= MATERIAL PROVIDED =
--

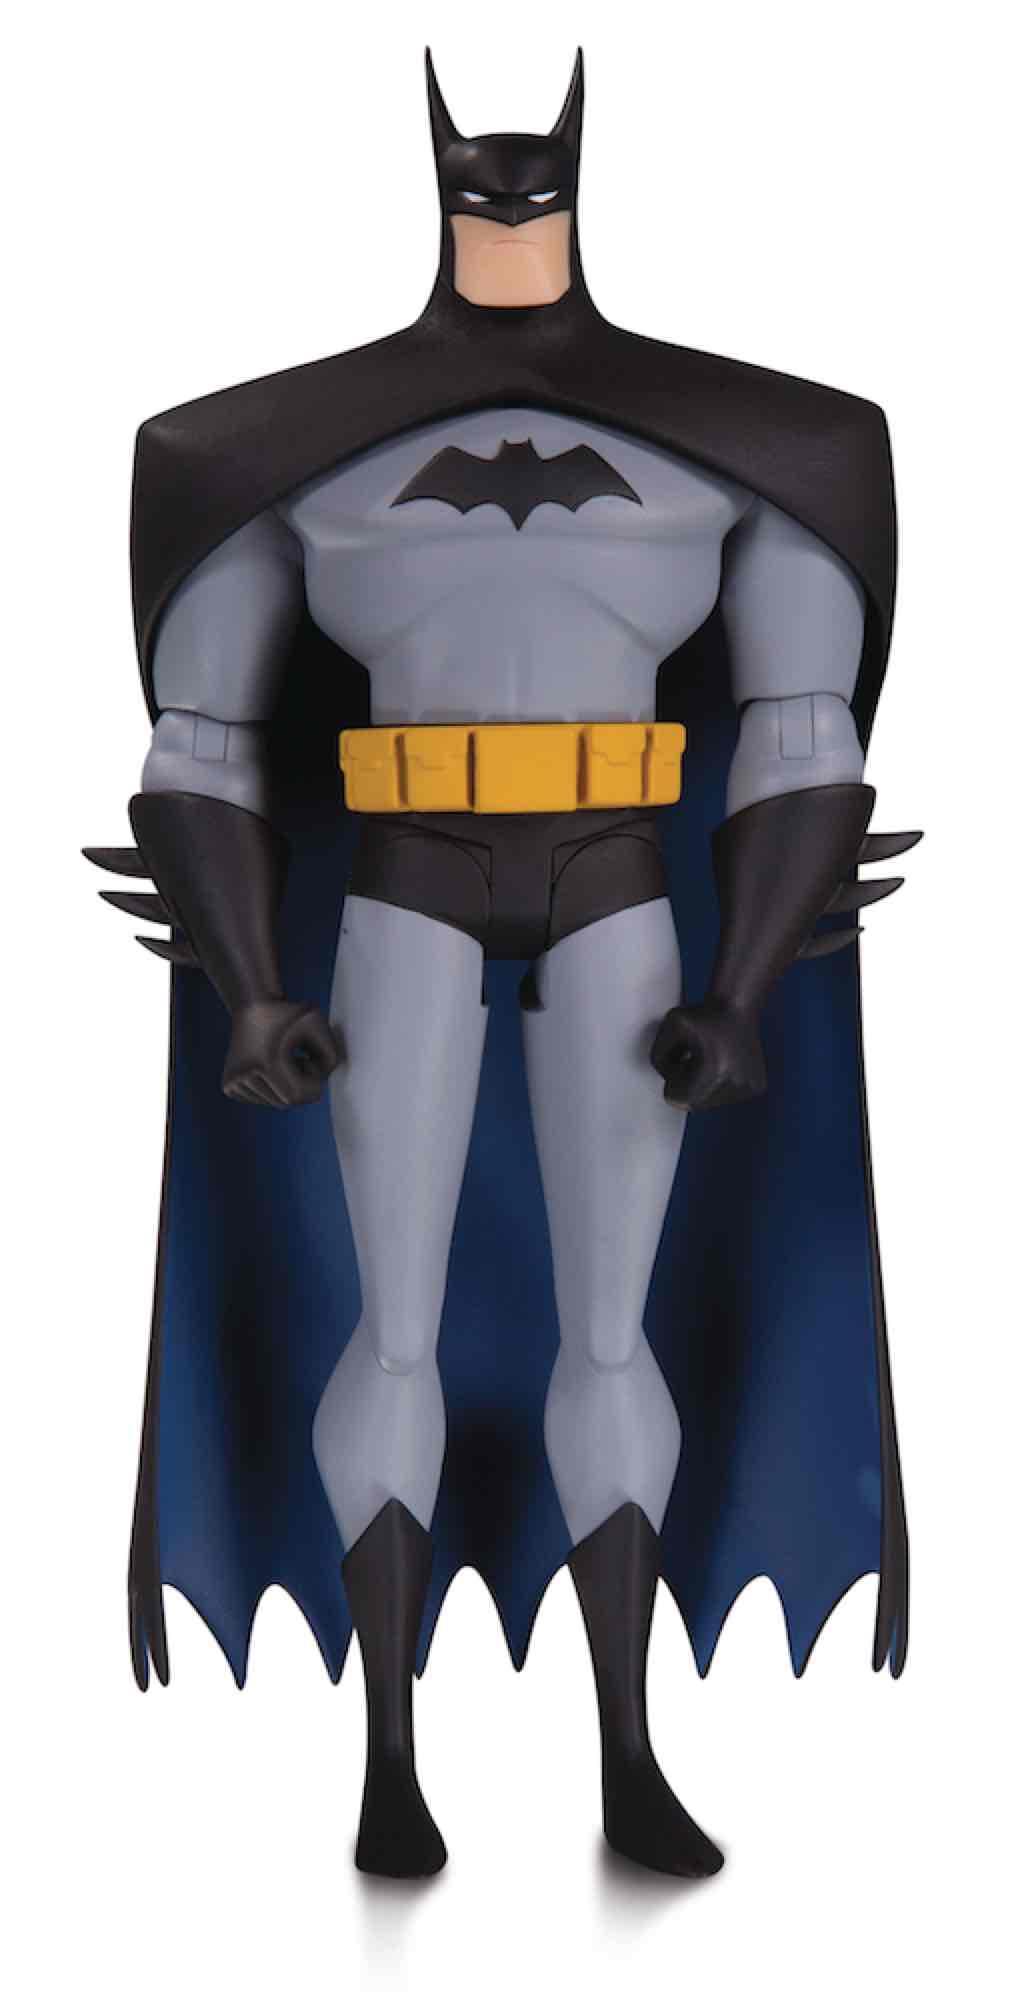 BATMAN FIGURA 16 CM JUSTICE LEAGUE ANIMATED ACTION FIGURE DC UNIVERSE
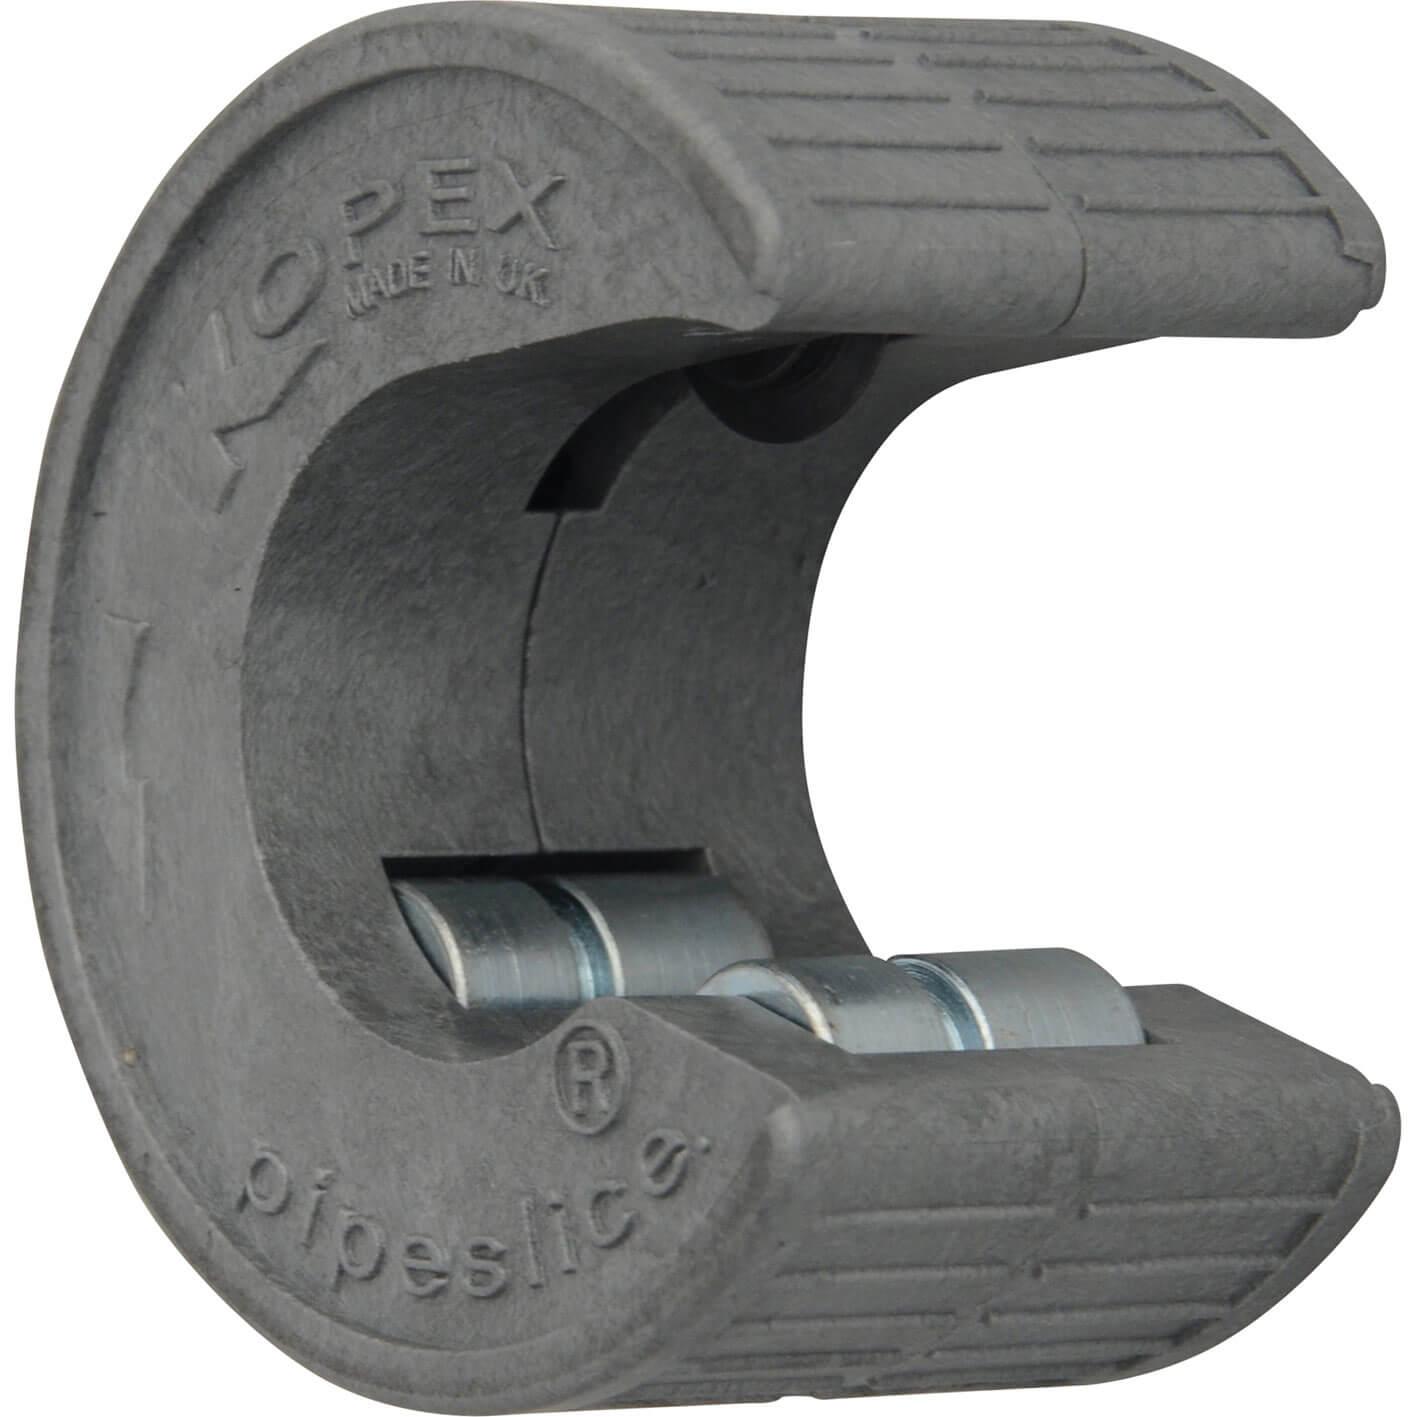 Image of Kopex Auto Copper Pipe Cutter 28mm
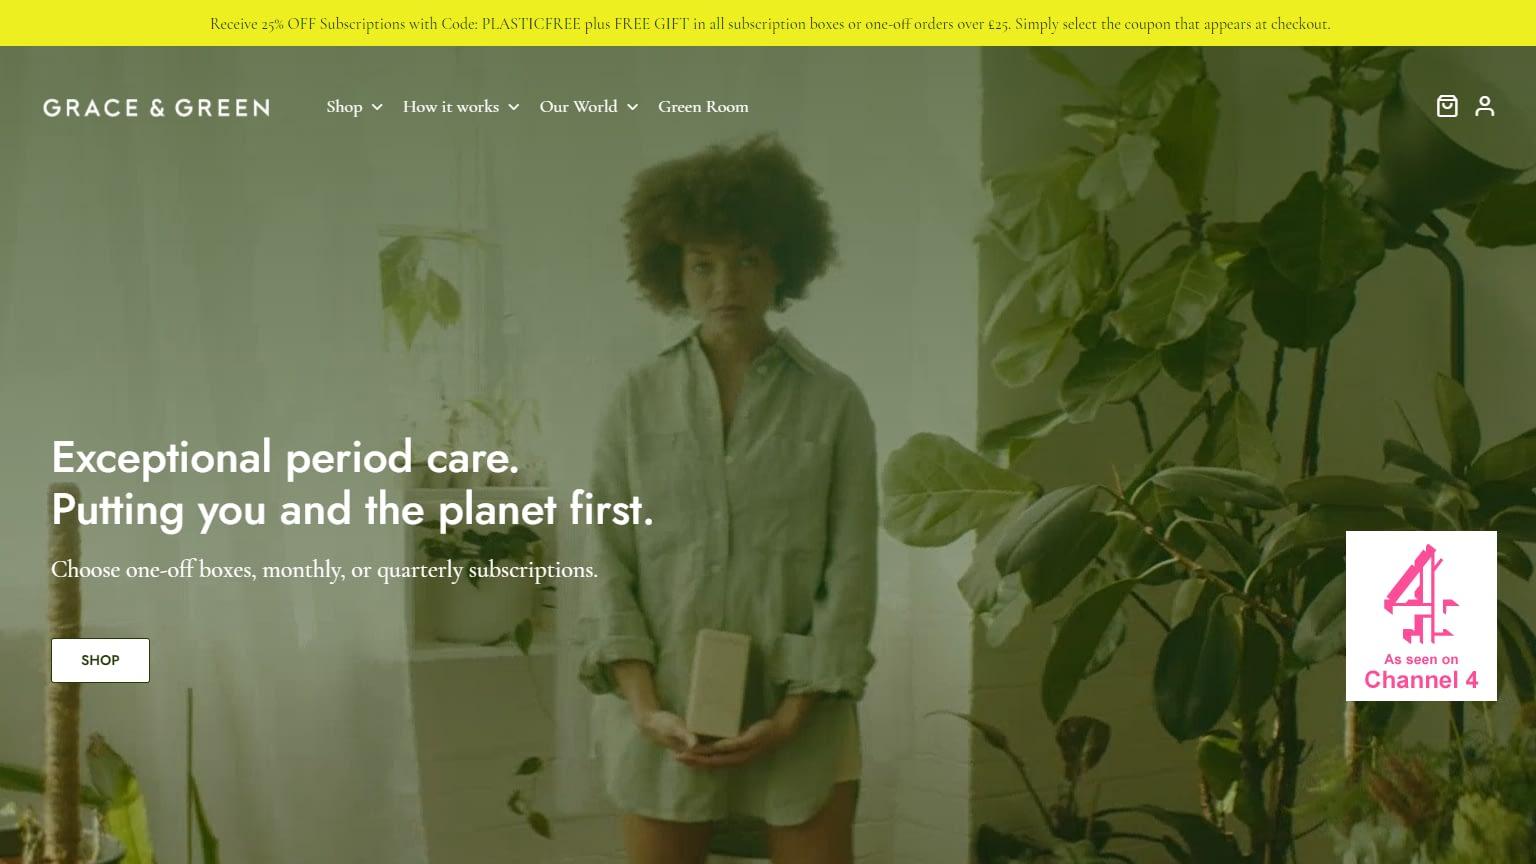 golivenow.uk website design Grace and Green screenshot 2 - golivenow.uk

--

= WHAT THE EXERCISE ASKS =
If the material above contains pictures, exclude them from an otherwise exact transcription.

= SOLUTION TO THIS TASK =
 BATMAN FIGURA 16 CM JUSTICE LEAGUE ANIMATED ACTION FIGURE DC UNIVERSE
 Image of Kopex Auto Copper Pipe Cutter 28mm
 golivenow.uk website design Grace and Green screenshot 2 - golivenow.uk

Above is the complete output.